Die Frage, die sich viele Katzenhalter stellen, beschäftigt auch die Wissenschaft: Kannst Du von der Fellfarbe einer Katze auf ihren Charakter schließen? Sind Katzen mit weißem Fell friedlicher als getigerte Katzen? DeineTierwelt wirft einen Blick auf die wichtigsten Studien zu dem Thema.

„Schwarze Katze von links, Unglück bringt‘s!“ Katzen mit schwarzer Fellfarbe sind das Paradebeispiel dafür, dass auch Katzen nach ihrem Äußeren bewertet werden.

Für manche reicht ein Blick auf die Fellfarbe einer Katze, und sie bilden sich eine Meinung über den Charakter des Tieres. Aber verrät die Fellfarbe einer Mieze tatsächlich, wie sie tickt?

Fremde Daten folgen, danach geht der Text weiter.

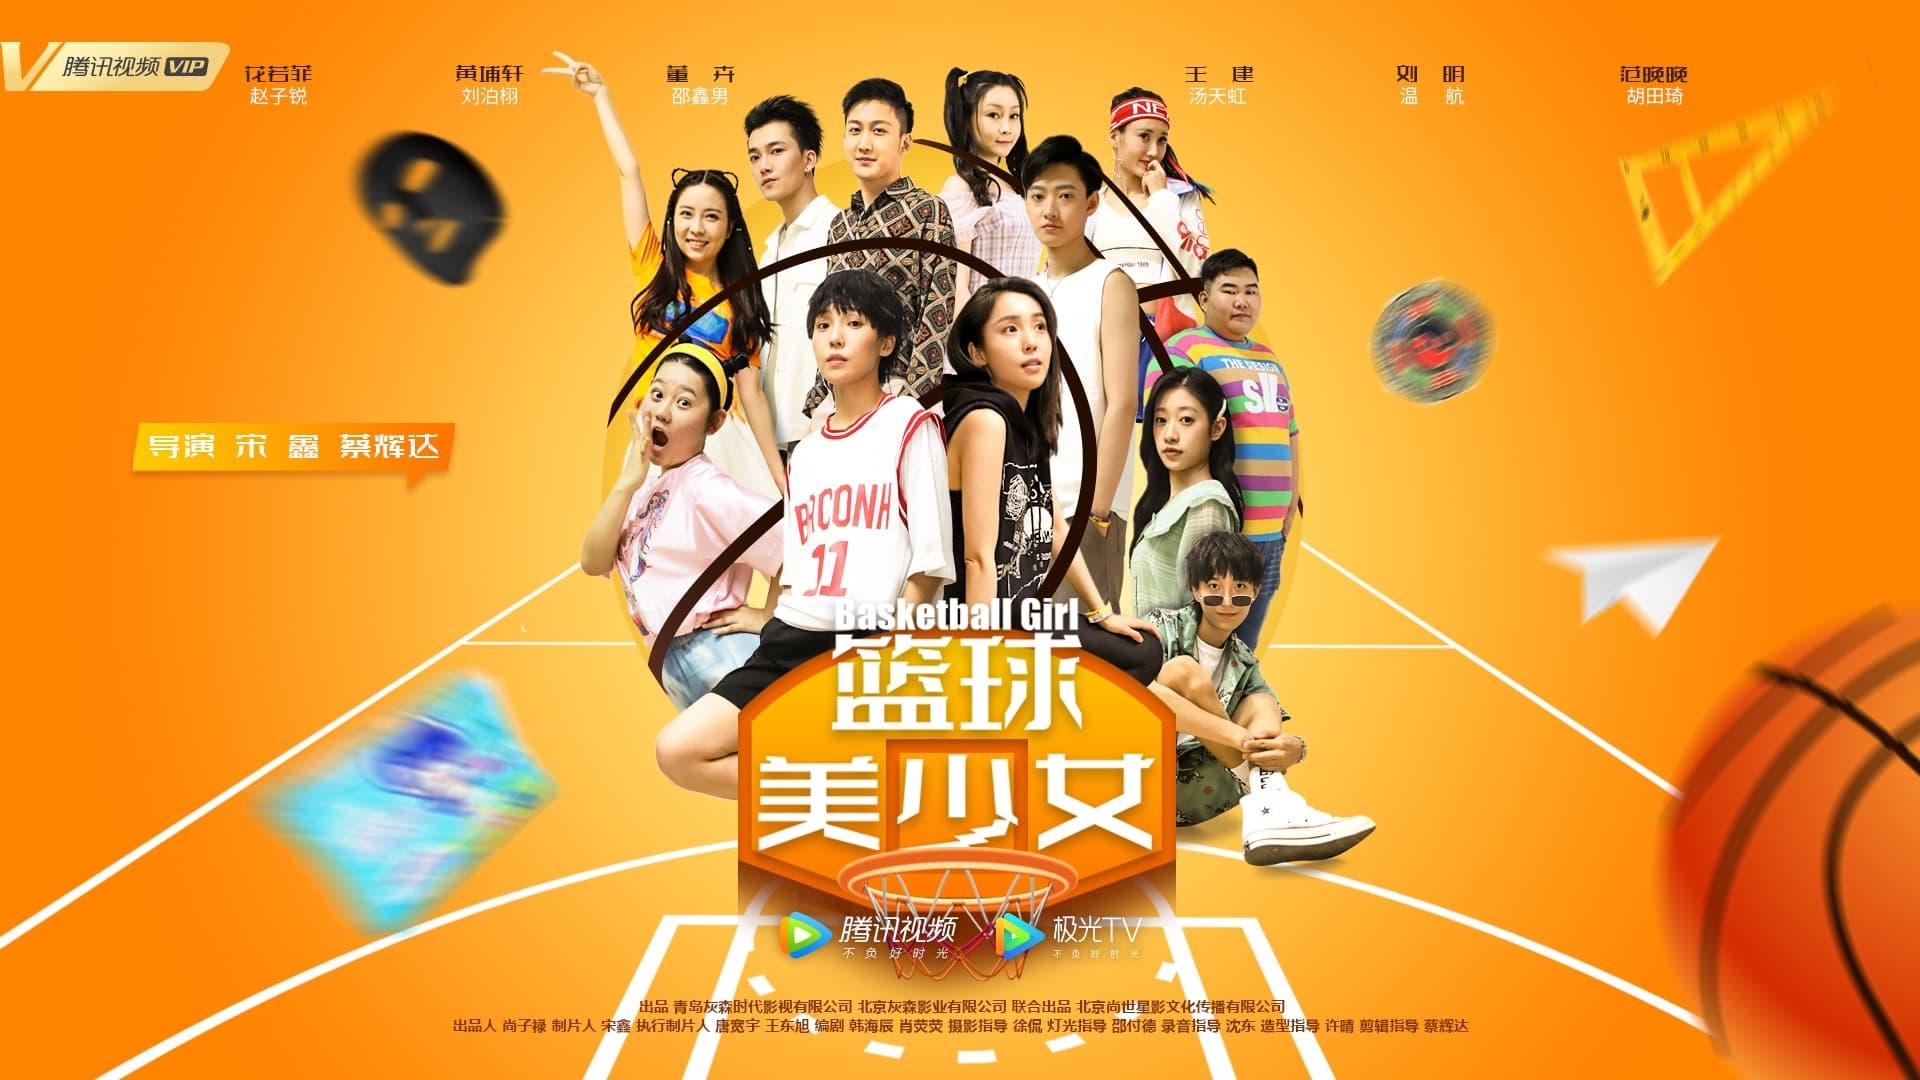 篮球美少女 (2021) Movie English Full Movie Watch Online

In den vergangenen Jahren haben sich auch zwei Universitäten in Kalifornien mit dem Thema beschäftigt. Zuerst erforschten Wissenschaftler an der UC Berkley 2012 die Vorurteile, die Menschen gegenüber bestimmten Fellfarben bei Katzen haben – vor allem interessierte sie daran, ob einige Katzen im Tierheim aufgrund ihres Aussehens bessere Chancen auf Adoption haben.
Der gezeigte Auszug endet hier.